American photographer

Lucas Brunelle is an American videographer of bicycle stunts and races.

==Early life and bicycling==
Lucas Brunelle was raised on Martha's Vineyard in Massachusetts where he attended Martha's Vineyard Regional High School. He began his bicycle career, riding BMX bikes at 15 years old. He is a veteran cyclist, traveling extensively to attend alleycat races around the world. He is also well known for his YouTube channel, where he publishes videos detailing his rides, races, and thoughts on cycling.

From 1990 he attended the University of Massachusetts Amherst.

He has couriered, had his own small business, and messaged for his clients.

==Videography and advocacy==

Brunelle's videos have been featured in the Bicycle Film Festival, the International Cycling Film Festival and are made available online. Many bicycle forums regularly link to his newest films.

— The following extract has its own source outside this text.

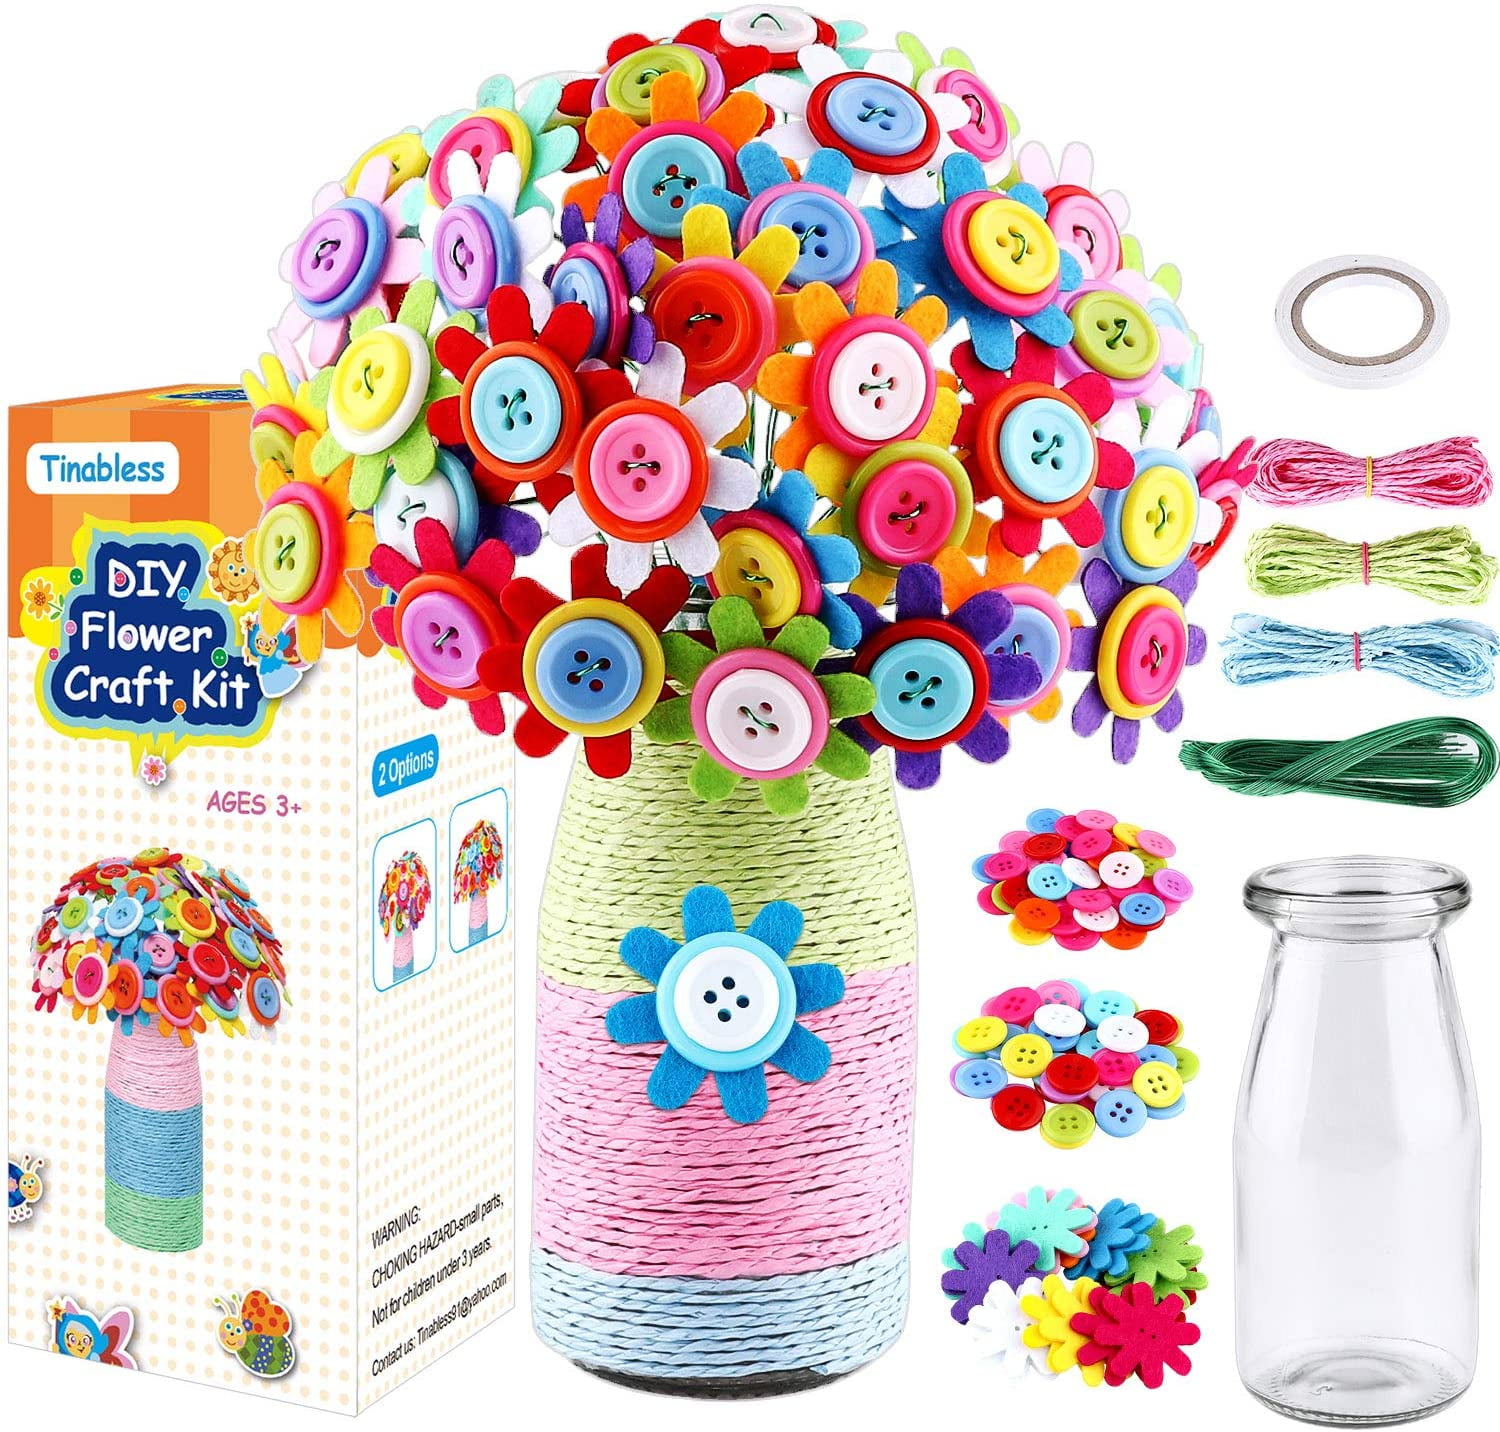 HULASO Arts and Crafts for Girls Ages 6-12 Make Your Own Flower Bouquet  with Buttons and Felt Flowers, DIY Activity Supplies Vase Art and Craft  Kits

Brunelle has participated in several Critical Mass events in the Boston area. Some of the stunts he has been involved in include a bicycle-drawn carriage for a wedding, and parading a live band through the streets of downtown on a 1000 lb bicycle supported stage.

==Controversy==

Lucas Brunelle riding a bike on the Great Wall of China

Brunelle is known for his dangerous riding style, which has led to some tension with other riders, and with authorities. . In February 2021, Brunelle and a companion were riding the Charles River in Boston when the companion fell through the ice, which gained national attention for a few days. Brunelle went onto the frozen Charles river again the next week

In November 2014, Brunelle was involved in a traffic crash on Tremont Street near Boston Common. While running a red light, he struck a pedestrian, causing injury. He was then involved in an altercation with a taxi driver immediately following the incident with the pedestrian. Brunelle hailed the taxi driver for help, and the driver then physically attacked Brunelle, and attempted to run the cyclist over when Brunelle stood in front of the cab to prevent the driver from fleeing the scene.

Brunelle maintains a YouTube channel. In 2017 he posted a video of a member of his group crashing into and knocking a driver off an idle motorcycle on a roadway in France and a foot chase by the angry driver trying to catch up to the cyclist persistently It is said in the description that this is why he "isn't allowed there anymore".